Maundy Thursday

MaundyThursdayExodus 12:1-14, 1 Cor. 11:23-32, John 13:1-17, 31-35

The night before God’s people left Egypt was a horrific and bloody night. Children, cattle, and lambs died. They died because Pharaoh’s heart was hard; because Adam and Eve had eaten the forbidden fruit. They joined the rebel angel armies of Satan. They took up the cause of death and plunged all creation into chaos and destruction. They invented slavery.

But the lambs were innocent. They had not rebelled or sinned. They had not enslaved their brothers.
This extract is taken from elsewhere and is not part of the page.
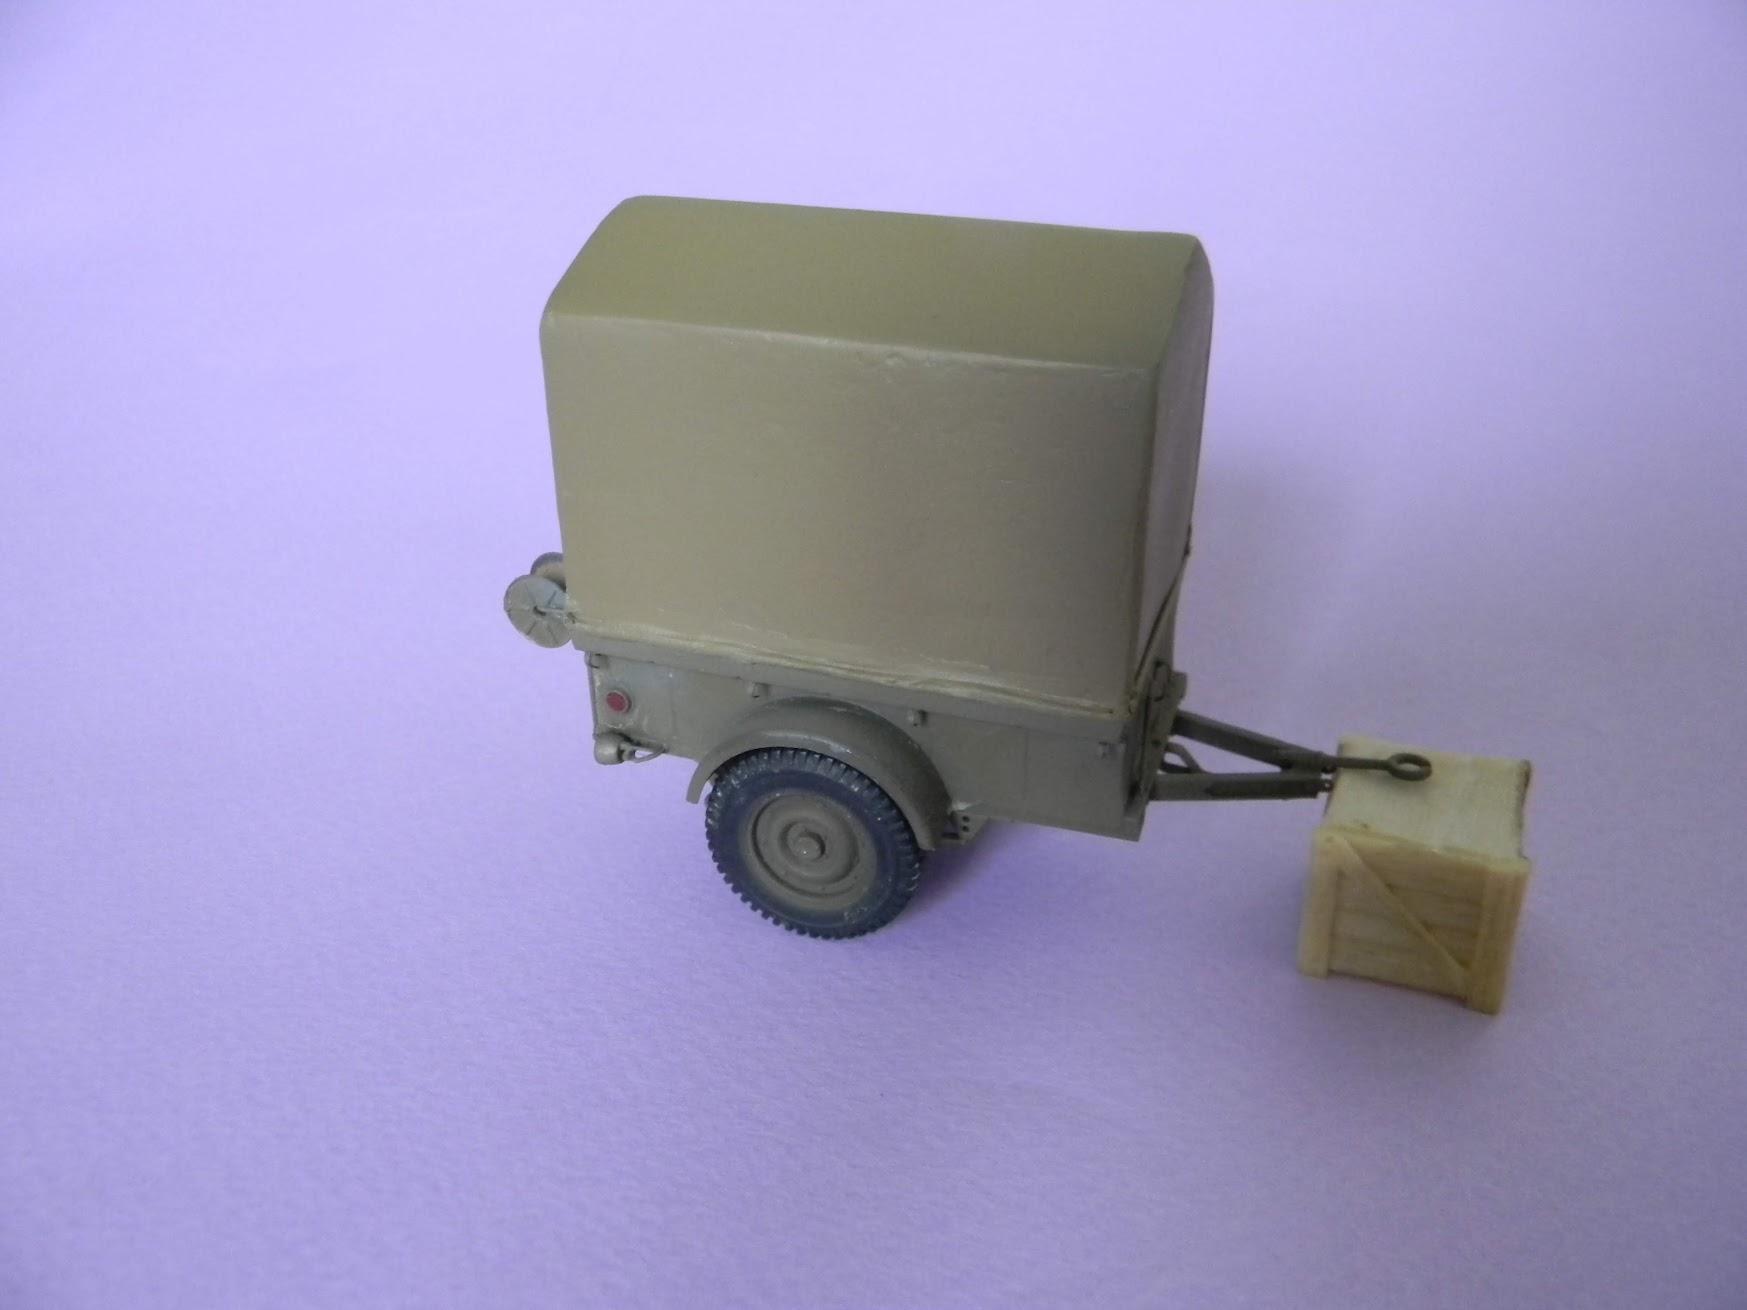 GPW 1942 Ford Bronco Model : revue de détail et montage - Page 5 H7chdL2-6mBZY2dJT0oFhAP7SVi6Ws9KIRCe1ypTCt9a9O0ptzLWjYnHP55Ncaoun4ct2jRgKCQge1C059NiFQZI0_QlaQk-t4g-G22MEzU-cIg0PTH0P3lIlRnfLFpUlXJmXHnaDhSzfx_QMtzq0K25CxyijUhYSqOVk-DRWNVNG_IXRkXg0cUrnwggQ8vBuBjnmxNRIXxIc3sDUtSCIv0c-8LJqxQOT9fnSWCzu-JFrGjsxf0p6_zgjtHQVwjBELKwtwBuxWucNceUPINTgTKv7UnJ2CGA4sgSULODdpt0MU7kEFzoKUMTAvWjSRZxOMyudU93oCttNFBceMIJ-VjHDjKRIySvdGvgV1O_LLNZJ1tEj3xlhIrZDDZaOTJbHXsdqy8H463lTQzQ-Gtt8XfwgXOp4AMwOpAH0fwdSlXMVBtJEOyDYeckSfXeHyVvduFIFPda3Ep_VsqFmaS-7nkfJLA341IiYW8zg-5jjtE0d8qqKUiEIzj22dC8T0UAWUVkgBruCBgp7UUDCvQUt7WPhFFCBX-0WVm1wgFAO5FFfKwAFyhHfXy_NA8B8Jj5Xy7FlS_wv92Hs2Lwws7yQRVRGELbqo0JyTYgrTX-MCuc6ykLOq2n7xqeROwHZOnIeyz6XU1l3dWPVMa4bjMlgp34QmWprnGqnGDzzyCx6IFbmxZFGw2rwyg_2_CkuZEHR5qQw1ely9BqubOV5W5N8JV8klPhCtghQWyo0FbnP3IjMl0Ceg=w1747-h1310-no

Yet they died that night. They were sacrificed in the place of guilty people. The lambs’ blood marked the doors of those who submitted to God’s Word through Moses, who in repentance pleaded for mercy to the only One who can give it. Thus while the angel of death took the firstborn of the Egyptians, those marked by the blood of the lambs were spared. That blood counted for them and the angel passed over them.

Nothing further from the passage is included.